The Motley Fool owns shares of all four companies, and its newsletters have recommended them as well.

Ask the Fool

Q: What’s behavioral economics? – J.O., Greensburg, Pa.

A: It’s a fascinating field mixing psychology and economics and exploring how we often don’t act in rational ways.

For example, in “Why Smart People Make Big Money Mistakes and How to Correct Them” (Simon & Schuster, $15), Gary Belsky and Thomas Gilovich present this scenario:

You’re in a furniture store and you want to buy a $100 lamp. It’s on sale for $75 at a store five blocks away. Do you walk the five blocks to save $25? You also want to buy a dining room set priced at $1,775. Five blocks away, it’s selling for $1,750. Do you walk the five blocks to save $25?

Oddly enough, even though the same amount of savings is at stake, people are more likely to walk five blocks for the lamp than for the dining room set.

This irrationality extends to our investing, too, such as when we leave money in a losing stock in the hope of eventually getting our money back, instead of simply moving the remaining funds to a more promising stock.

There are many great books on the topic, such as “Predictably Irrational” by Daniel Ariely (Harper Perennial, $16).

Q: How can I tell if a company is owned by another company? – T.R., Appleton, Wis.

A: Call and ask its investor relations department, or visit its website and look for a link titled something like “About Us,” “Company Profile” or “Our History.” A Google search might also work.
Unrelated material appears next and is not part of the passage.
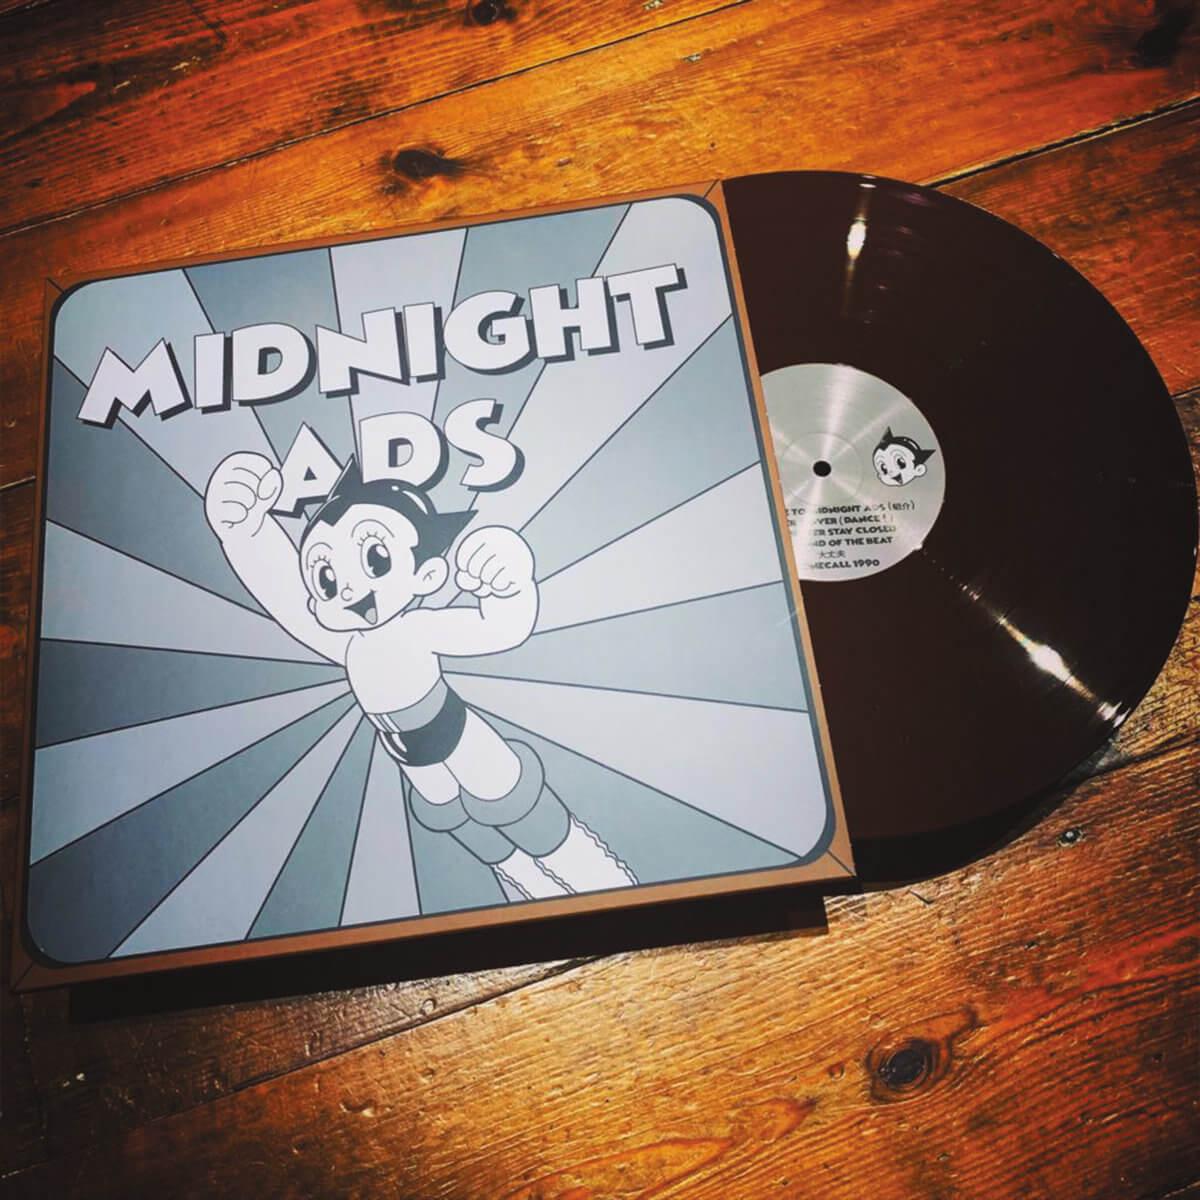 Midnight Ads by S U P E R F L A T スーパーフラット (Midnight Ads | Limited Edition Brown Vinyl Edition) 1

You may be surprised which companies are related. Yum! Brands, for example, owns Taco Bell, Pizza Hut and KFC. Warren Buffett’s Berkshire Hathaway owns Dairy Queen, Fruit of the Loom, GEICO and many others.

My dumbest investment

My dumbest investment was in an oil project. It was supposed to get great returns – right! I collected money from it for six months, and then the company went bankrupt after the well dried up. The second well is still sitting there, ready to go, and no one is willing to take the oil. Go figure. – B.M., online

The Fool responds: First off, be wary of investments that offer promises: Most carry some risks, and they may be much riskier than you think. Don’t buy based on hopes or rumors. A company may be working on a promising cure for cancer, but that might not pan out or get approved by the FDA.

Be careful with any company that’s too dependent on any source of revenue, too, such as just one or two oil wells. Companies dependent on electronic components from Japan suffered after the earthquake and tsunami. If a sugar company sells most of its sugar to Hershey, it’s vulnerable. Hershey may hit a rough patch, or may simply start demanding lower prices. Favor companies with proven revenue, ideally from diverse sources.